● WORK TO COMPLETE
Could you print the listing again exactly, omitting the pictures?

[[ SOURCE MATERIAL, beginning ]]

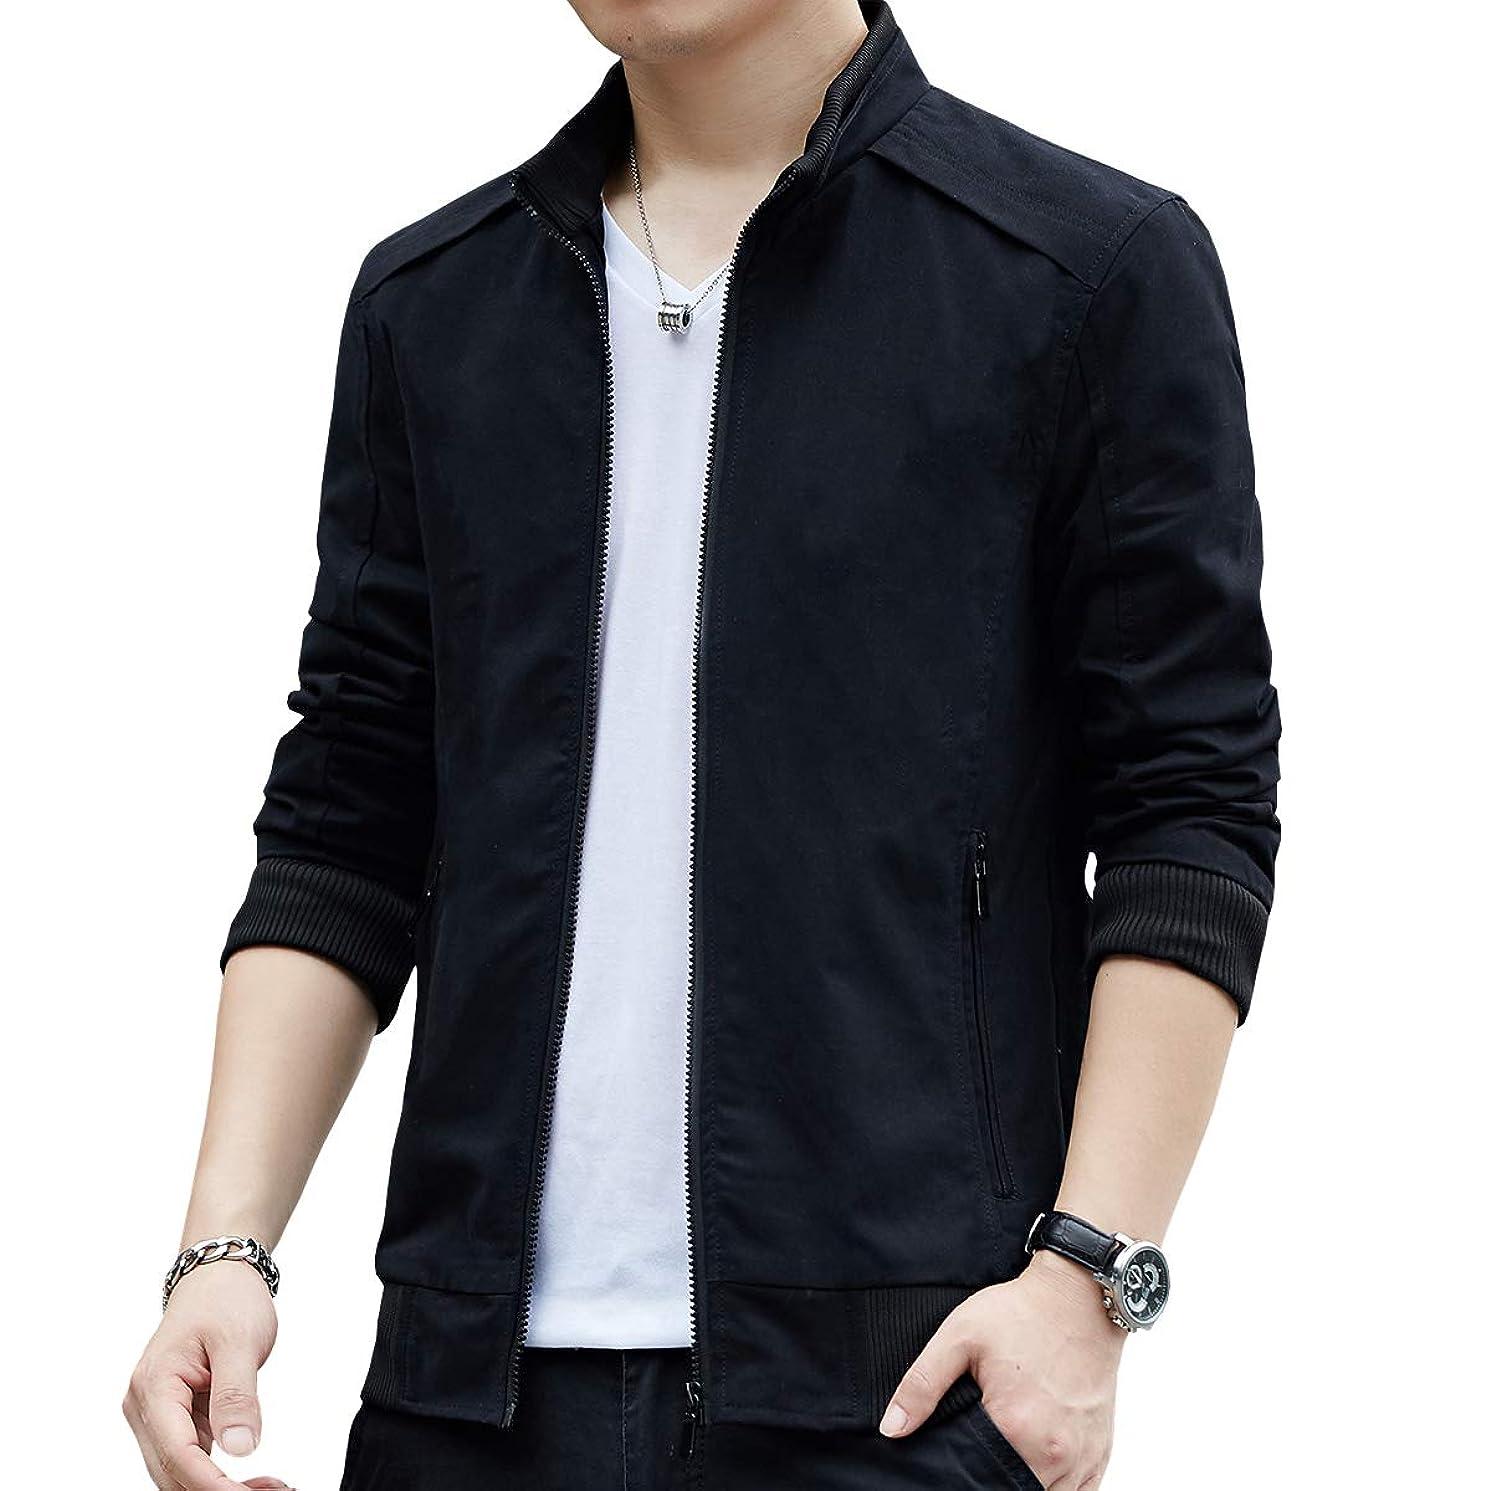 Womleys Mens Casual Windbreaker Outerwear Slim Fit Cotton Lightweight Jackets
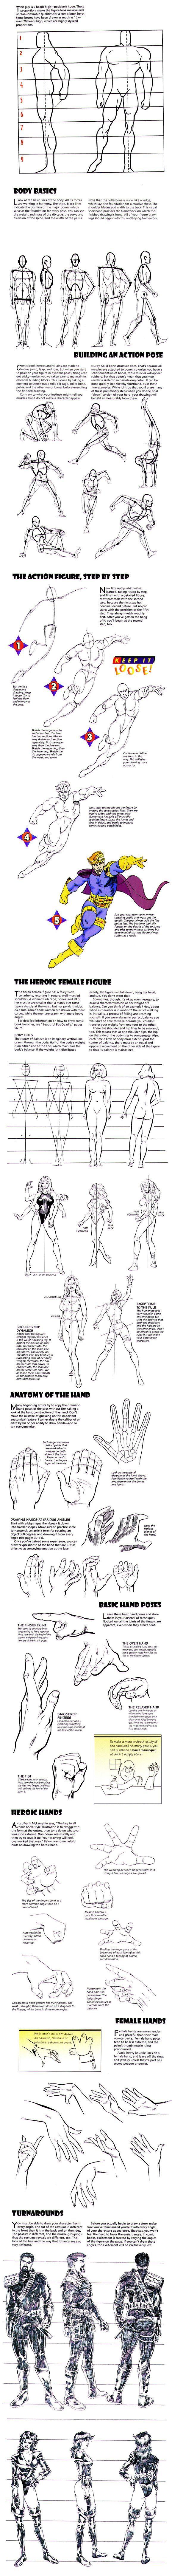 How to Draw Comics (2) https://www.facebook.com/CharacterDesignReferences
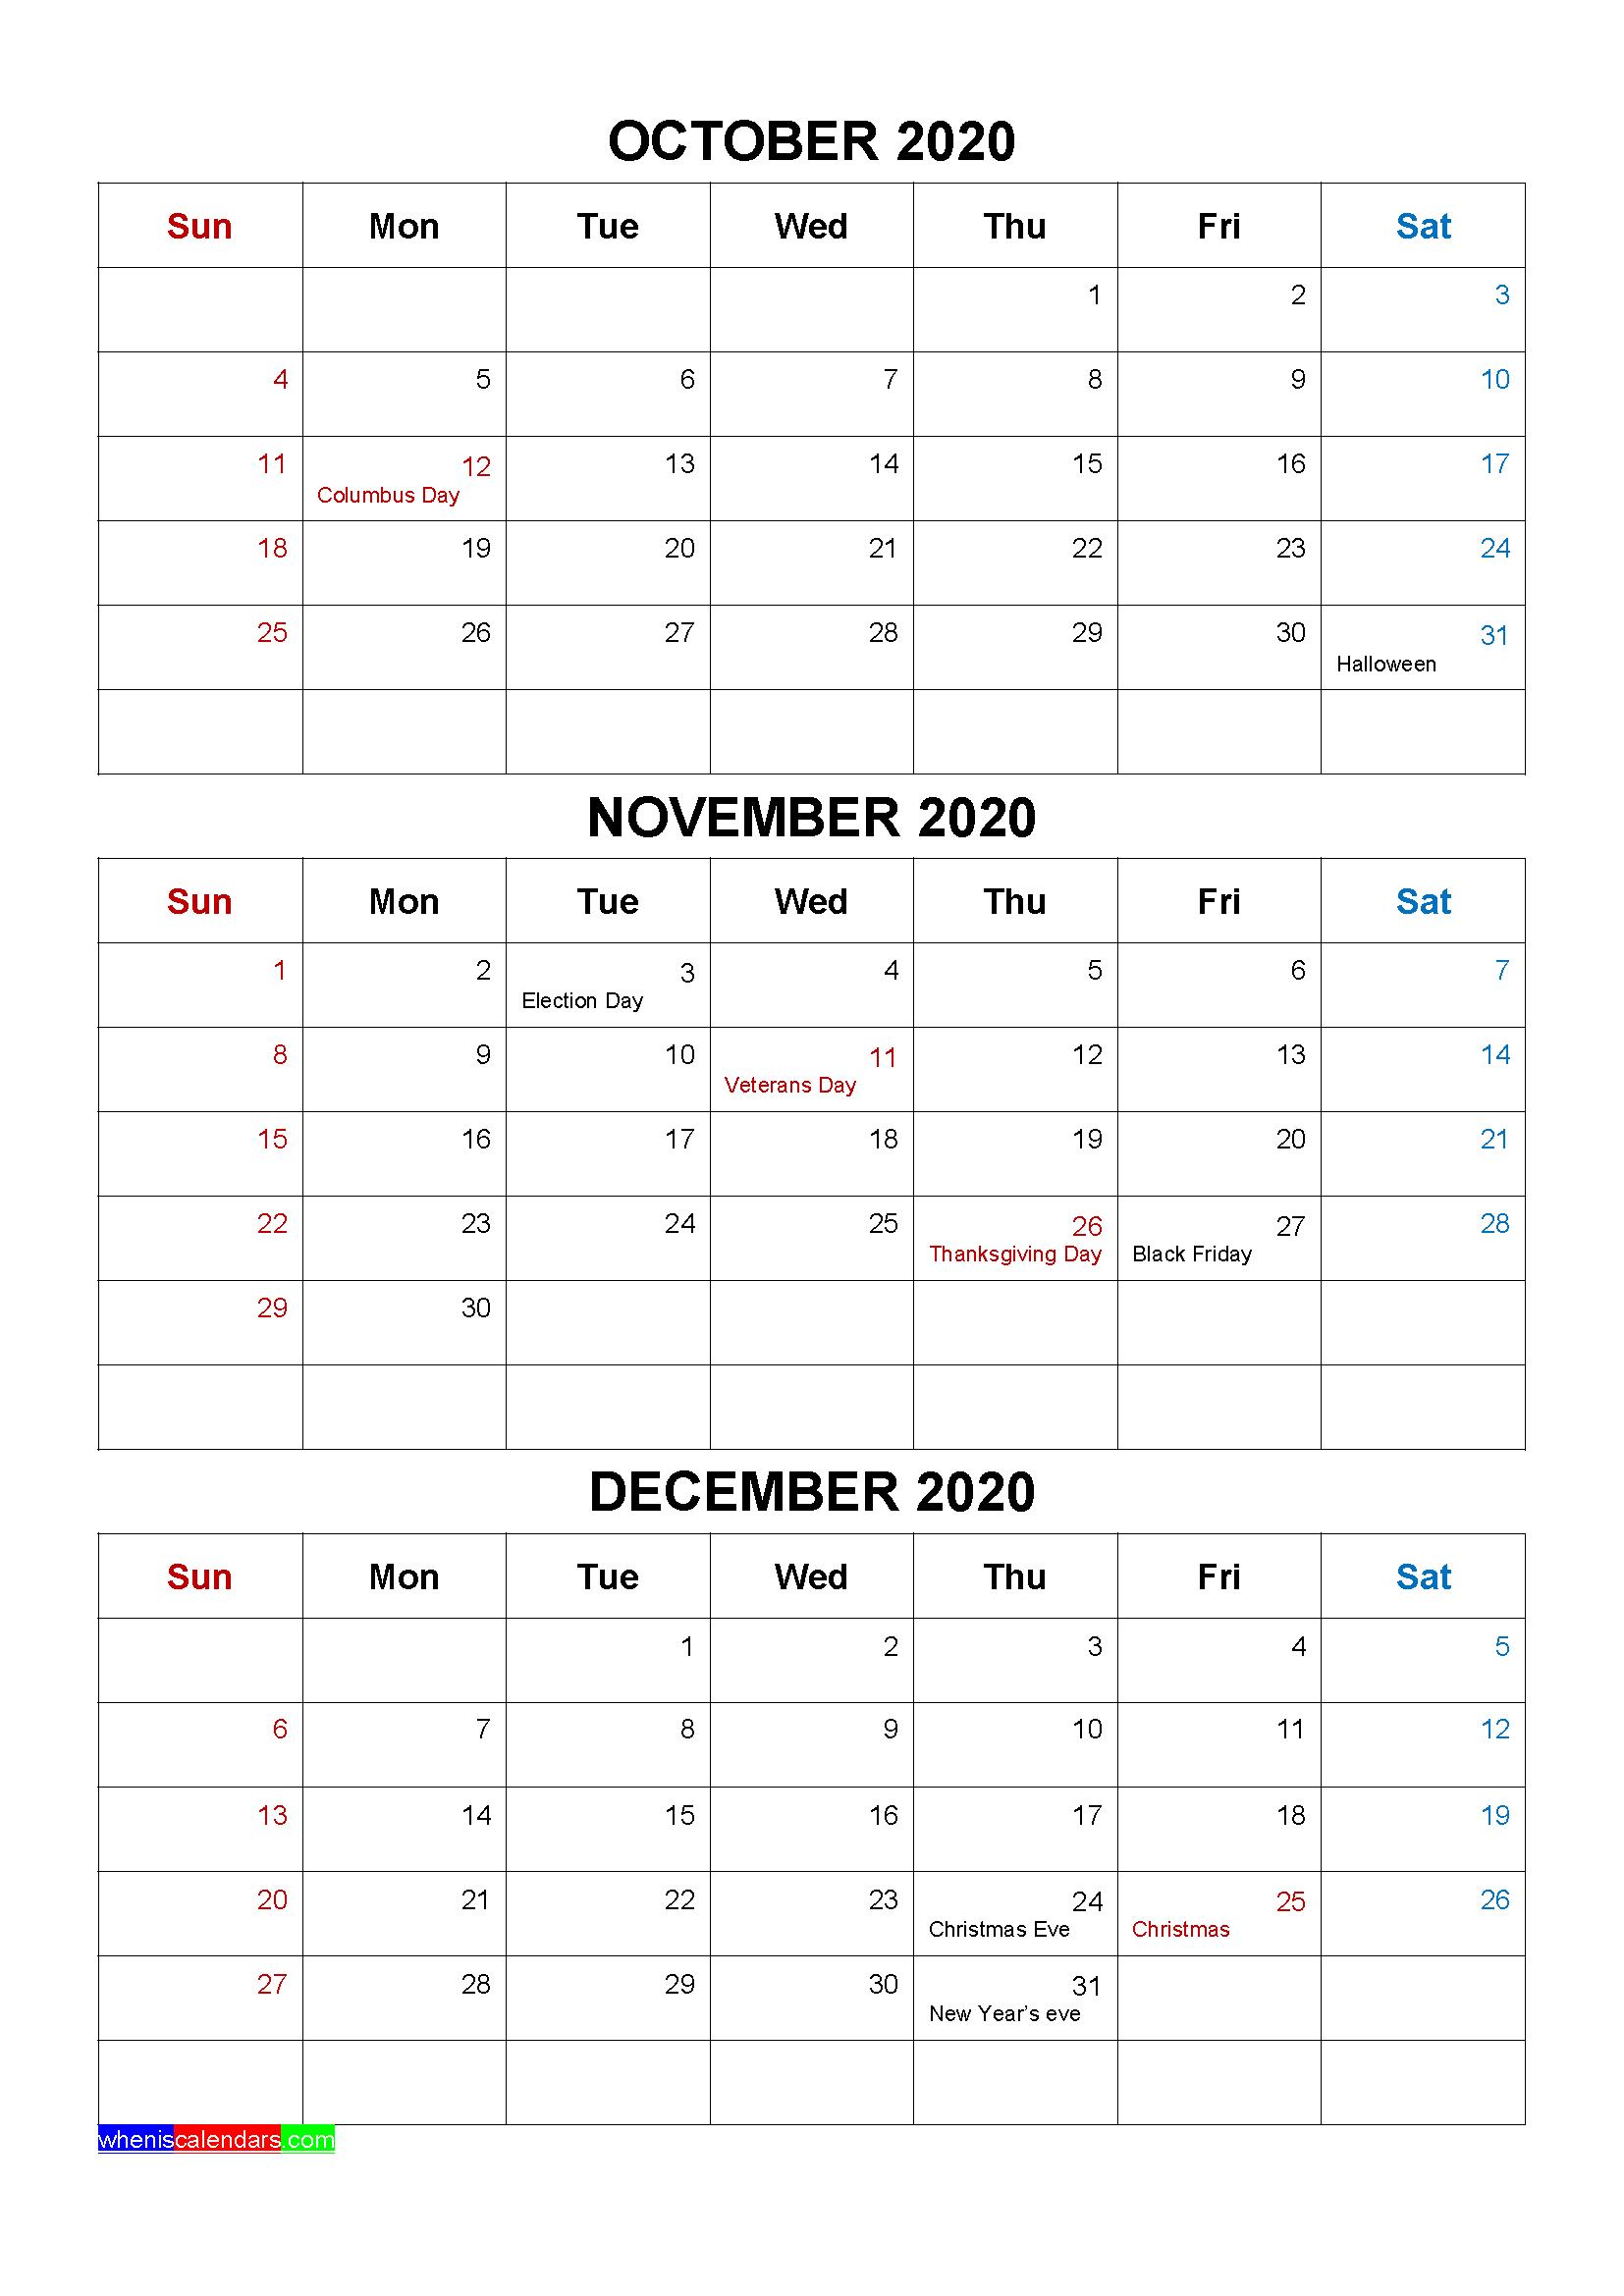 Free October November December 2020 Calendar with Holidays

[[ SOURCE MATERIAL, end ]]

● ANSWER TO THE PROBLEM
 Womleys Mens Casual Windbreaker Outerwear Slim Fit Cotton Lightweight Jackets
 How to Draw Comics (2) https://www.facebook.com/CharacterDesignReferences
 Free October November December 2020 Calendar with Holidays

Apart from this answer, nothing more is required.